I have had a life changing experience that made me realize that the words were easily said but I never realized just how deep in meaning they were.
I have had many experiences, that as a Christian, I firmly believe God had His hand on in order to remind me that He is present in my life. People He has put in my path to humble me as I live my own busy life or at times I have felt sorry for myself forgetting the bigger picture that I was never alone living my life.
As I drove, I noticed an orange car on the leftside shoulder and what looked like an older man struggling to push a child into a car. It didn't feel right to me and my awareness was up because of the recent news of an attempted abduction in a nearby town. I drove down a bit and turned around in a drive way, and as I rolled to a stop two car lengths behind him I flagged a garbage truck who had noticed me as I stopped. I got out of my car and called to the man to ask if he was okay and that is when I saw someone crumpled at his feet. The man looked grief stricken and yelled back to me "She's not breathing. Help me!"
This is when I really believe God intervened and put me on auto-pilot. I seriously have never had First Aid training.
I yelled to the Garbage Man and asked if he had his cell phone which he did, so I told him to call 911. I asked the man what happened and he said he thought she had choked on something based on what she said before she passed out in the car. He tried to pull her out to help her but she was too heavy. Her face was ashen and her lips were blue. She was on her knees crumpled. I sat behind her on my knees and pulled her back against my chest and began attempting the Heimlich Maneuver but she wasn't responding and she wasn't breathing. He then helped me to lay her on her back and I propped her head with my scarf. At this point, I didn't know if she was going to make it because I truly thought it would take a miracle and I wasn't trained to bring that miracle to her.
Again, He humbles me.
The words that came to me, as I pulled her jaw open and formed a seal around her mouth with mine to blow 3 quick breaths into her mouth, were "Please God, make me your instrument and spare this woman". That was when I heard a gurgle but she still wasn't breathing. I did 3 more and we suddenly heard her take a breath. I felt for her heartbeat and it was there and eratic so I began praying over her. The garbage man was talking to the 911 responder relaying what I had already done and that she was finally breathing but it was shallow. It was all so incredibly fast but at the same time it was as if time stood still.
Up until then she hadn't opened her eyes and I was worried that too much time had gone by without oxygen. I took my fist and began rubbing vigorously on her breast bone to stimulate a response from her but she was un-responsive. I finally asked the man what her name was to which he replied, "Henrietta". I got close to her face and firmly said her name. Her eyes popped open. Beautiful brown eyes! You can not imagine the joy and elation we all felt. I can almost liken it to when I gave birth to my children and the feeling you have when you witness new Life. I kissed her forehead and told her to stay with me. She tried to close them again but I kept saying her name and told her she had to keep them open for me until the EMT's arrived. She kept them open and focused on me as I continued to pray out loud over her, I can only imagine the feeling of confusion/fear she had to have a complete stranger sitting over her and praying.
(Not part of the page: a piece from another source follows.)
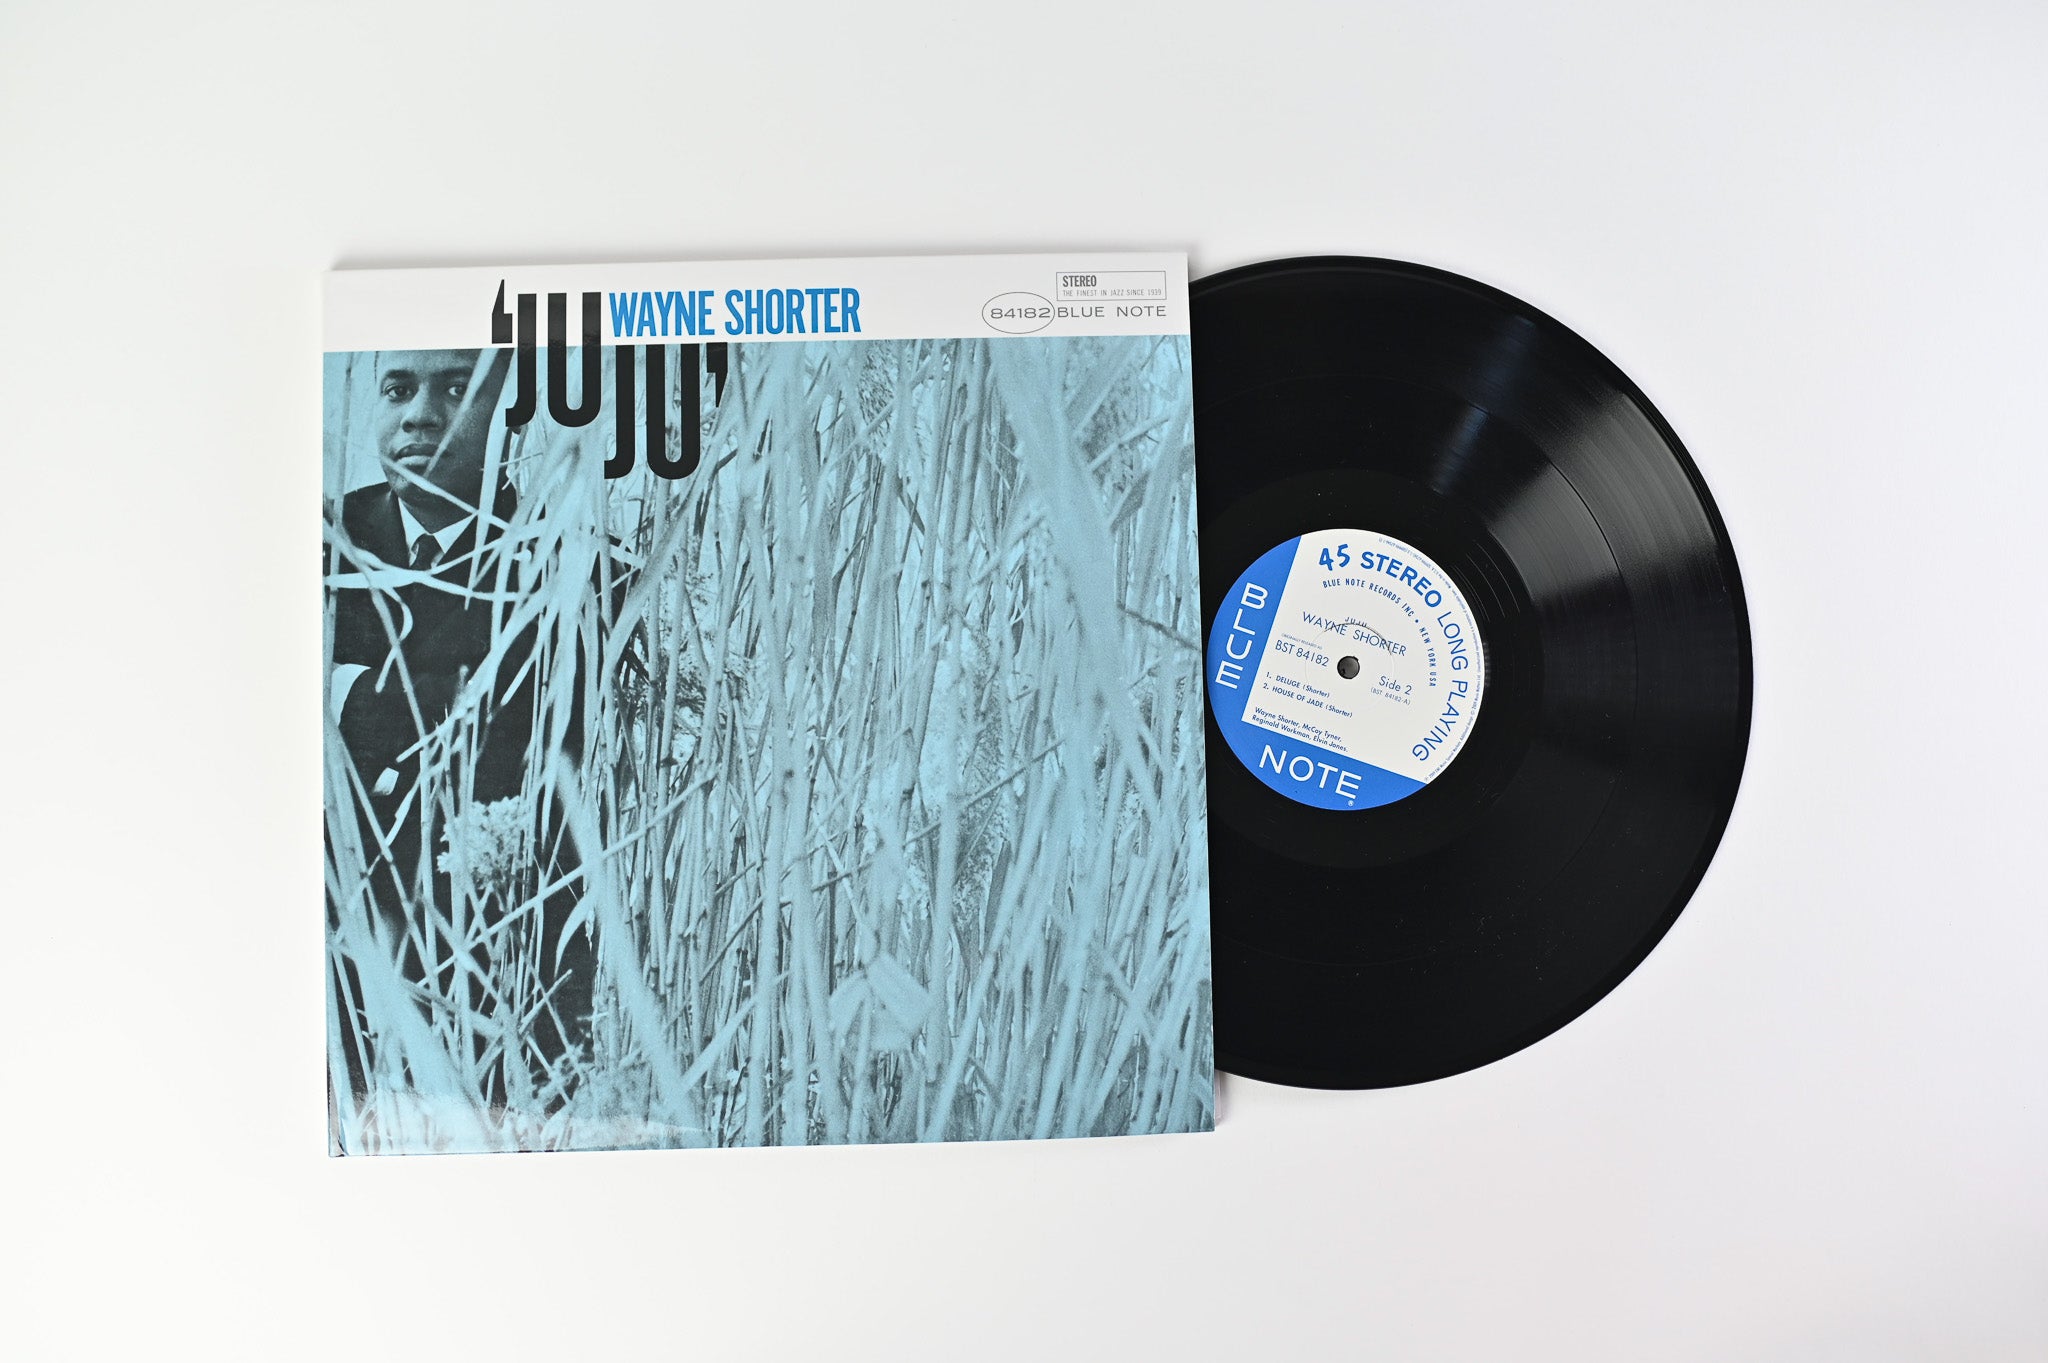 Wayne Shorter - Juju on Blue Note Music Matters Ltd Reissue 45 RPM

The Sheriff arrived and then a first responder, by then Henrietta told her husband that she wanted to go home because she was cold. We had no choice but to lay her in the snow. The officer and the First Responder helped her sit up and get her in the passenger seat. She was completely dazed. I found out then that she had vomited in the car and I think she must have aspirated and choked. I gave them an account of what happened from my view and then I wrote down my information and gave it to her husband. I left a few minutes before the ambulance arrived.
Even on this Monday, I feel quite emotional, so very thankful and blessed. I have had a difficult year but in the scheme of things I have to remember that this life was given as a gift and with a purpose, I can't take it for granted..NOT even for one day.